Its not clear what Ontario plans to do with this data.  But the fact that they are insistent that *every* student at *every* institution be sent the survey suggests to me that they want the option to be able to analyze and perhaps publish the data from this anonymous voluntary survey on a campus by campus basis.

Yes, really.

Now, one might argue: so what?  Pretty much every student survey works this way.  You send out a message to as many students as you can, offer an inducement and hope for the best in terms of response rate.  Absent institutional follow-up emails, this approach probably gets you a response rate between 10 and 15% (a $5 incentive won’t move that many students)  Serious methodologists grind their teeth over those kinds of low numbers, but increasingly this is the way of the world.  Phone polls don’t get much better than this.  The surveys we used to do for the Globe and Mail’s Canadian University Report were in that range.  The Canadian University Survey Consortium does a bit better than that because of multiple follow-ups and strong institutional engagement.  But hell, even StatsCan is down to a 50% response rate on the National Graduates Survey.

Is there non-response bias?  Sure.  And we have no idea what it is.  No one’s ever checked.  But these surveys are super-reliable even if they’re not completely valid.  Year after year we see stable patterns of responses, and there’s no reason to suspect that the non-response bias is different across institutions.  So if we see differences in satisfaction of ten or fifteen percent from one institution from another, most of us in the field are content to accept that finding.

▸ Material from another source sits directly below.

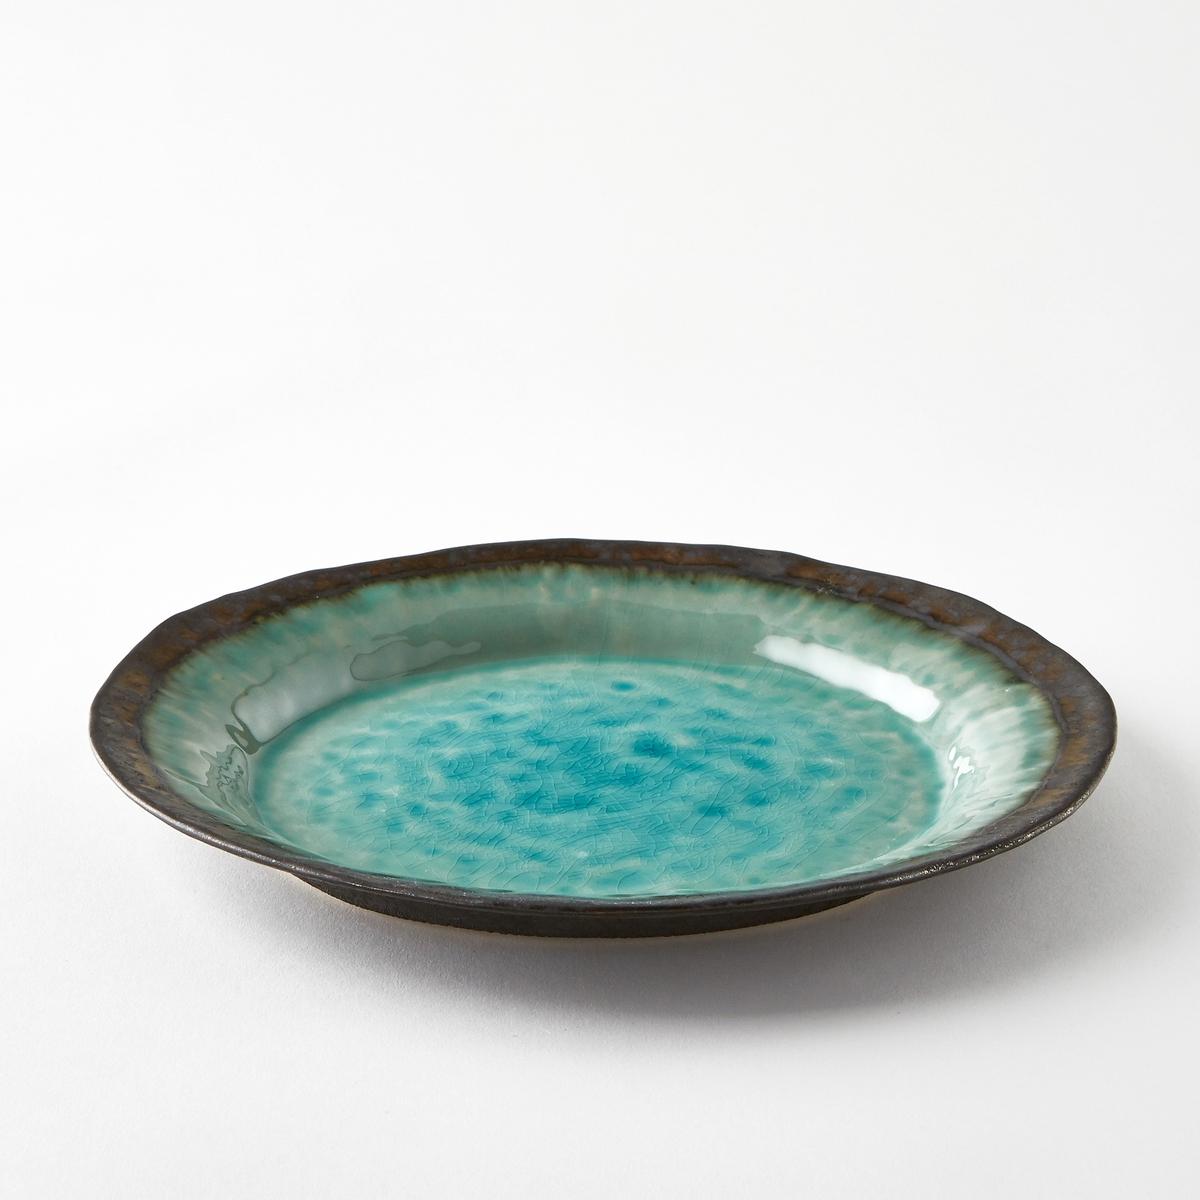 Тарелка La Redoute Мелкая из глазурованной керамики Altadill единый размер синий

So why is the Ministry’s approach so crazy when it’s just using the same one as every one else?  First of all, the stakes are completely different.  It’s one thing to be named an institution with low levels of student satisfaction.  It’s something completely different to be called the sexual assault capital of Ontario.  So accuracy matters a lot more.

Second, the differences between institutions are likely to be tiny.  We have no reason to believe a priori that rates differ much by institutions.  Therefore small biases in response patterns might alter the league table (and let’s be honest, even if Ontario doesn’t publish this as a league table, it will take the Star and the Globe about 30 seconds to turn it into one).  But we have no idea what the response biases might be and the government’s methodology makes no attempt to work that out.

Might people who have been assaulted be more likely to answer than those who did not?  If so, you’re going to get inflated numbers.  Might people have reasons to distort the results?  Might a Men’s Rights group encourage all its members to indicate they’d been assaulted to show that assault isn’t really a women’s issue?  With low response rates, it wouldn’t take many respondents to get that tactic to work.

The Government is never going to get accurate overall response rates from this approach.  They might, after repeated tries, start to see patterns in the data: sexual assault is more prevalent in institutions in large communities than in small ones, maybe; or it might happen more often to students in certain fields of study than others.  That might be valuable.  But if the first time the data is published all that makes the papers is a rank order of places where students are assaulted, we will have absolutely no way to contextualize the data, no way to assess its reliability or validity.

At best, if the data is reported system-wide, the data will be weak.  A better alternative would be to go with a smaller random sample and better incentives so as to obtain higher  response rates.  But if it remains a voluntary survey *and* there is some intention to publish on a campus-by campus basis, then it will be garbage.  And garbage data is a terrible way to support good policy objectives.

Someone – preferably with a better understanding of survey methodology – needs to put a stop to this idea.  Now.